# Goal

1. Our goal is to build a basic soybean yield model to predict the coming year's yield of that crop.  We will use features such as temperature (avg) and precipitation, US state, NDVI (measure of quality), podcount and test a shift operator to test the hypothesis that technolical change in the last few years has significantly, on linearly, increased yields

1. Yearly yields:
    
    <font size="3"> $$ Yields_{y} \sim PodCount_{m} + State_{y} + Temp_{m} + Precip_{m} + Quality_{m} + Droughts_{m} + Shift + error_{y} $$ </font>
    

# Long term Goals:
1. Automate process of modeling yield forecasts.
2. Incorporate global data.
3. Provide a range of forecasts.

# Immediate Goals:
1. Use US data to forecast soybean yields.
2. Automate downloading of data and model scoring.
3. Provide figures.
4. Test and compare several forecasting methods.

# <u>Features</u>

## Yields

### Hypothsis: Historical yields are a good indicator of future yields.

1. Plots clearly show a significant trend.
2. Nonlinear (quadratic) term picks up rate of increase.

## Pod Count

### Hypothesis: A good pod count indicates a good final yield.

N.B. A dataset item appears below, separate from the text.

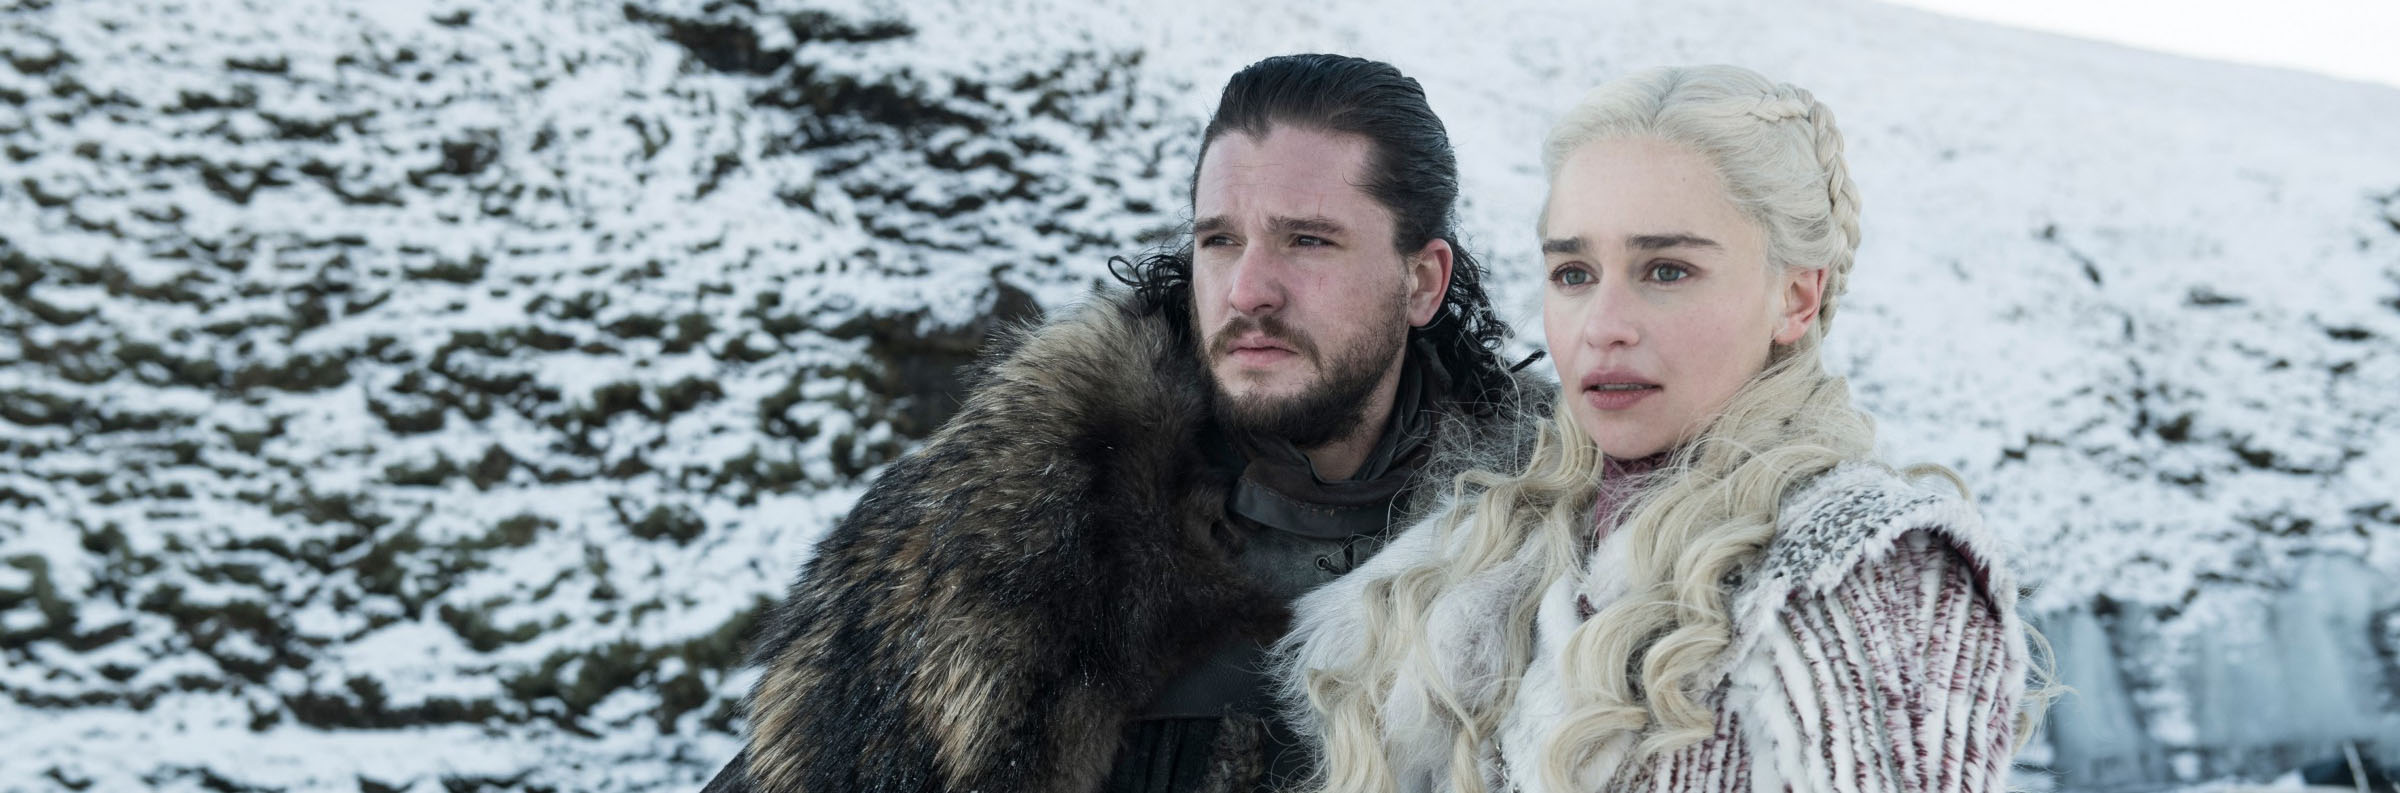 Why You Should Talk about 'Game of Thrones' at Work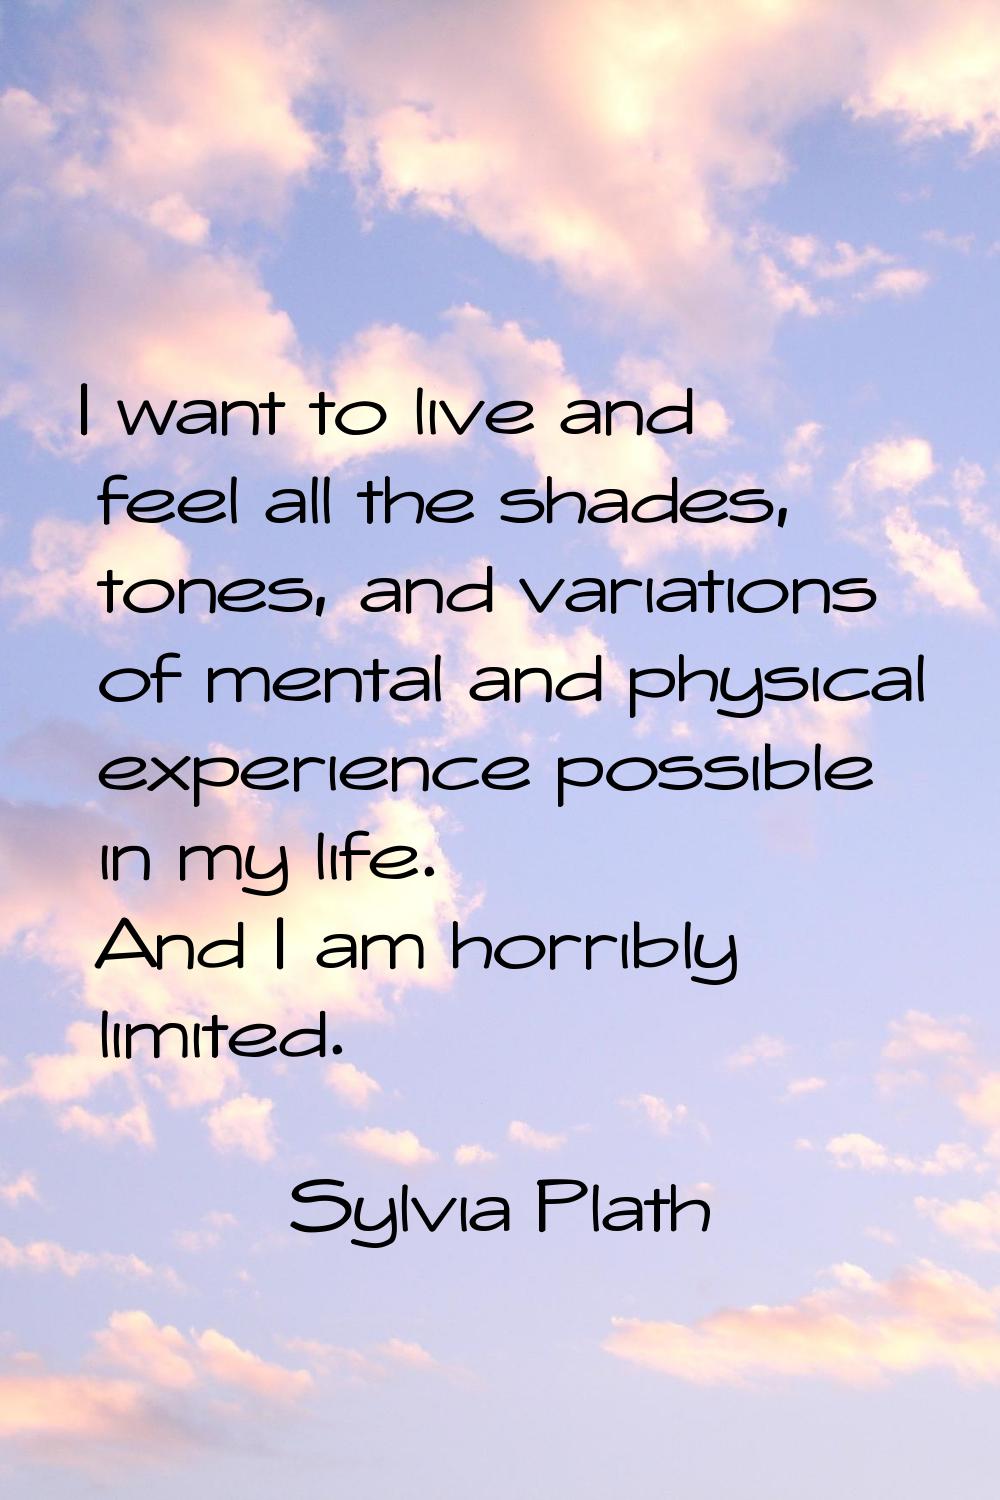 I want to live and feel all the shades, tones, and variations of mental and physical experience pos

1. We aren't interested in the final pod count, rather the intermediate counts as a way to predict the final yields (which is highly related to the count).
2. So we need the pod counts for several intermediate months.
3. Available on a monthly basis, starting late in the year (Sep?).



## Weather Features

1. Bad weather in particular months will damage the soybean crops.  
2. Look at min, max and precipitation.
3. Try to identify patterns in extreme events.
4. Polynomials and interactions.

## Quality of Crop
1. This is another feature examining the quality of a crop at a particular moment.
2. Available on a semi-weekly basis. 
3. Not many years available and rather spotty.  John suggested that the quality of these measures isn't good, are there other measures?



## Drought Measures
1. PDSI
2. PHDI
3. PM
4. PZ


## Things to try

1. Ran initial models to get a feel for the data.
2. Added drought data.
3. Try all data, use 

# <u>Models</u>

1. Notebooks to download each feature and put the data into a "model ready" state.
2. A notebook to combine features (joinFeatures.ipynb).
3. A notebook to perform model selection, e.g. ridge and lasso regressions (featureSelection.iypnb).
4. This notebook, which loops over various years and states, performs regressions, and summarize and compares outputs.
5. A helper_Functions.ipynb to hold functions that will otherwise obscure more relevant code.  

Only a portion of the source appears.